§ WHAT NEEDS TO BE DONE
The data below should be retyped exactly, with the pictures left out.

== DATASET ENTRIES ==

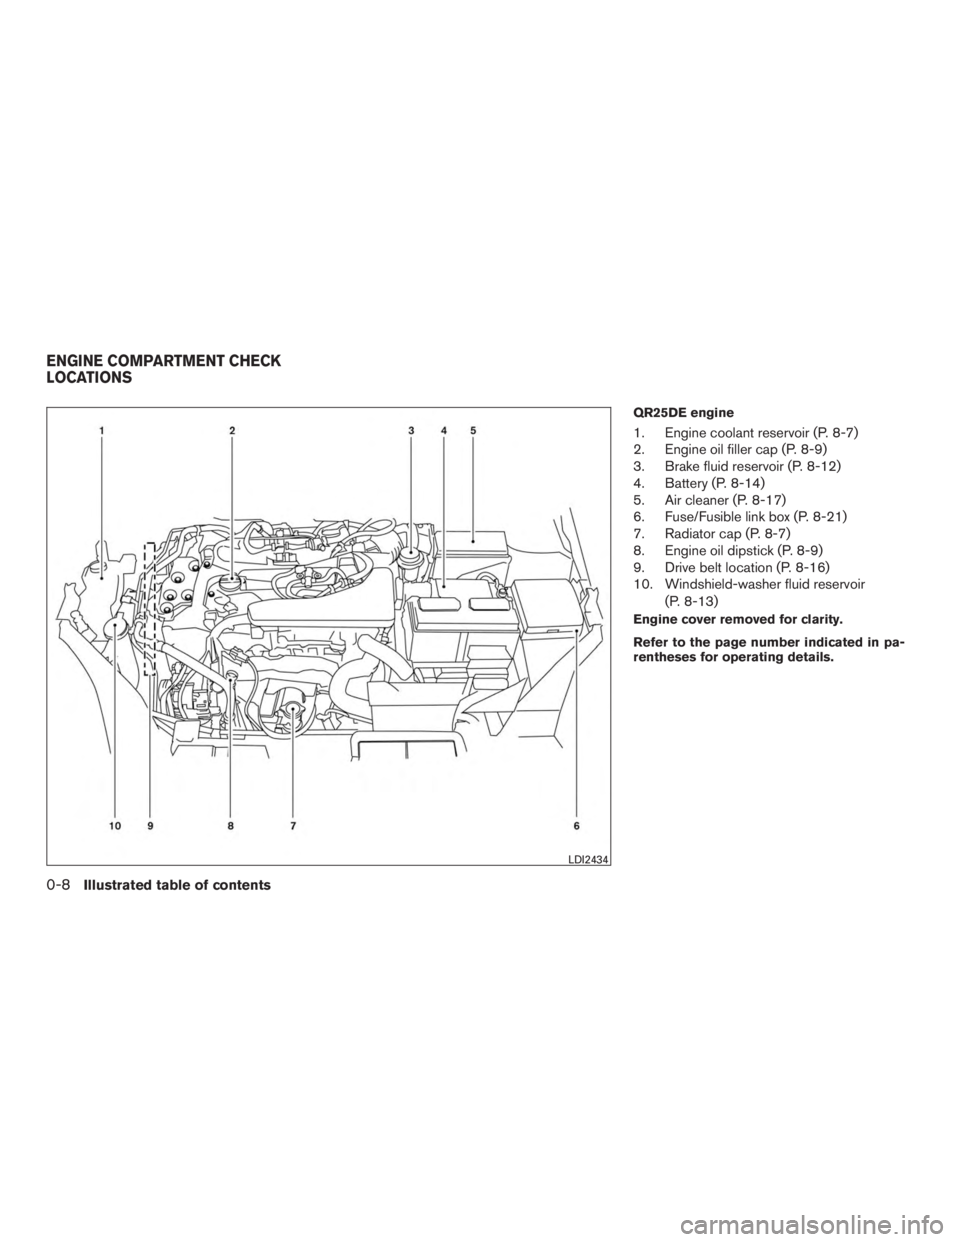 NISSAN ROGUE 2015  Owner´s Manual QR25DE engine
1. Engine coolant reservoir (P. 8-7)
2. Engine oil filler cap (P. 8-9)
3. Brake fluid reservoir (P. 8-12)
4. Battery (P. 8-14)
5. Air cleaner (P. 8-17)
6. Fuse/Fusible link box (P. 8-21)

===

§ RESPONSE BELOW
 NISSAN ROGUE 2015  Owner´s Manual QR25DE engine
1. Engine coolant reservoir (P. 8-7)
2. Engine oil filler cap (P. 8-9)
3. Brake fluid reservoir (P. 8-12)
4. Battery (P. 8-14)
5. Air cleaner (P. 8-17)
6. Fuse/Fusible link box (P. 8-21)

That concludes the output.